Albanese spacciava droga, la Questura lo espelle ma il Consiglio di Stato lo «salva»
Determinante il fatto che con lui andavano espulsi la moglie e i tre figli che vanno a scuola: «Episodio isolato, non motivata la pericolosità sociale», ribaltata la sentenza del Tar
VALSUGANA. Salvato dalla famiglia e dal lavoro. È il caso di un lavoratore albanese che - dopo una permanenza ventennale in Valsugana - ha rischiato di dover abbandonare il Paese di adozione perché la Questura gli aveva revocato il permesso per soggiornanti di lungo periodo.
All'immigrato - ma di fatto anche a moglie e tre figli in età scolare - era stato dato tempo 15 giorni per lasciare il territorio nazionale. Il sogno italiano della famiglia albanese stava per essere spazzato via, e questo per responsabilità (o meglio per l'irresponsabilità ) del capofamiglia che dopo 16 anni di onesto lavoro era finito agli arresti - prima in carcere e poi ai domiciliari - per spaccio di droga.
Un reato pesante, chiuso con una sentenza di patteggiamento con pena di 2 anni e 7 mesi di reclusione che aveva indotto la Questura a dare una prognosi di pericolosità sociale dello straniero con conseguente revoca del permesso di soggiorno. Provvedimento poi confermato dal Tar che respinse il ricorso dell'albanese.
Provvedimento però ora annullato dal Consiglio di Stato che ha accolto il ricorso in appello presentato dell'avvocato Michele Busetti. Il massimo organo di giustizia amministrativa ha stabilito che non erano stati ponderati gli interessi in campo: quello alla pubblica sicurezza e quello privato alla tutela della vita familiare, che coinvolge non solo il cittadino straniero ma anche i suoi congiunti, la moglie ed i tre figli nati e cresciuti in Italia.
«Nel caso di specie - scrive in sentenza la Terza Sezione del Consiglio di Stato - la motivazione sulla ponderazione degli opposti interessi deve ritenersi solo apparente, in quanto nel decreto del Questore non si forniscono elementi concreti dai quali desumere che la valutazione di pericolosità sociale, desunta dal solo titolo del reato per il quale il cittadino albanese è stato condannato, sia stata concretamente eseguita tenendo conto di tutte le circostanze del caso; neppure risulta che tale giudizio sia stato effettivamente e concretamente bilanciato con l'interesse del cittadino straniero alla permanenza nel territorio nazionale, tenendo conto dei parametri indicati dal legislatore (lunga permanenza sul territorio nazionale, svolgimento di regolare attività lavorativa, inserimento sociale, tutela della famiglia).

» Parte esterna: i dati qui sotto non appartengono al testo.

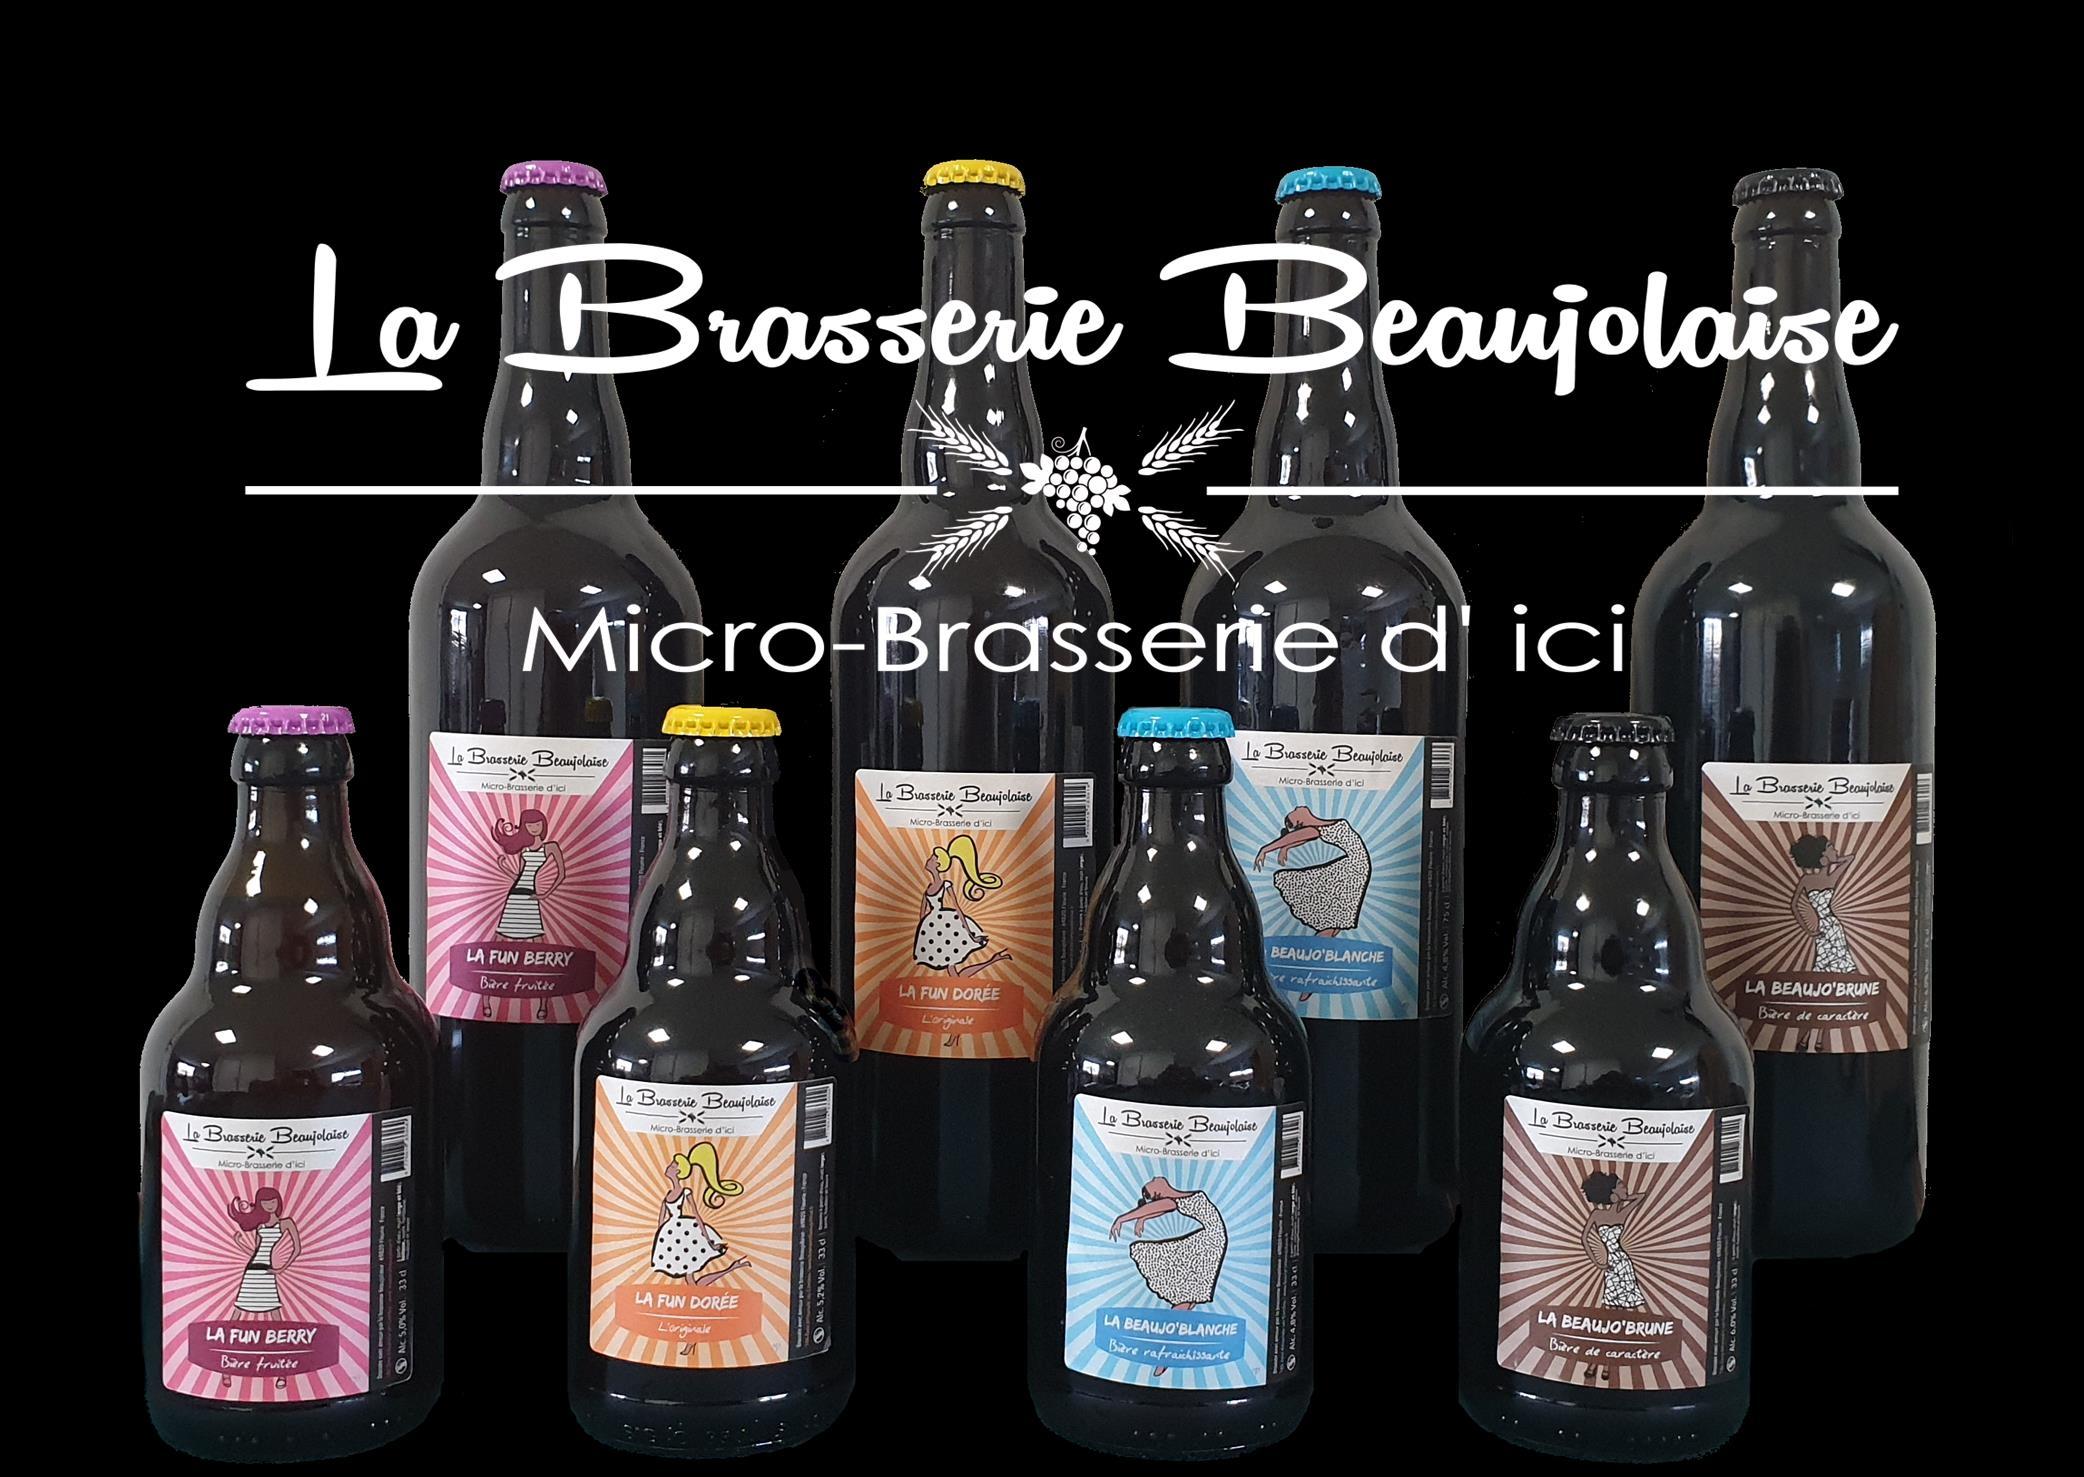 Galerie d'image - La Brasserie Beaujolaise

In particolare - sottolineano i giudici del massimo organo della giustizia amministrativa - «la condanna costituisce un episodio isolato; è ampio l'intervallo temporale intercorso tra la commissione del reato e la condotta successiva; è stata disposta l'ammissione provvisoria alla misura alternativa in considerazione della mancanza di concreti ed attuali indici pericolosità sociale». Inoltre - sottolinea l'avvocato Busetti - l'Ufficio di esecuzione pena scrive che il condannato «ammette la propria responsabilità nelle vicende che lo hanno portato alla condanna in modo molto consapevole e maturo senza false giustificazioni rispetto quanto commesso e alla gravità di tali comportamenti».
Ma accanto a valutazioni di ordine giudiziario andavano approfonditi anche gli aspetti familiari: l'immigrato dispone di una abitazione; ha moglie e tre figli minori che mantiene con il suo lavoro; guadagna circa 1.700 euro al mese. «Da tali elementi si evince che l'intera famiglia è socialmente inserita nel territorio nazionale».
In proposito il Tar era arrivato a valutazioni opposte sottolineando che «la famiglia non ha costituito alcun deterrente» e «non può costituire scudo o garanzia assoluta di immunità». Certo, la revoca del permesso i soggiorno avrebbe colpito i più deboli e incolpevoli: i tre figli nati e cresciuti in Italia dove, grazie alla sentenza del Consiglio di Stato, potranno ora rimanere.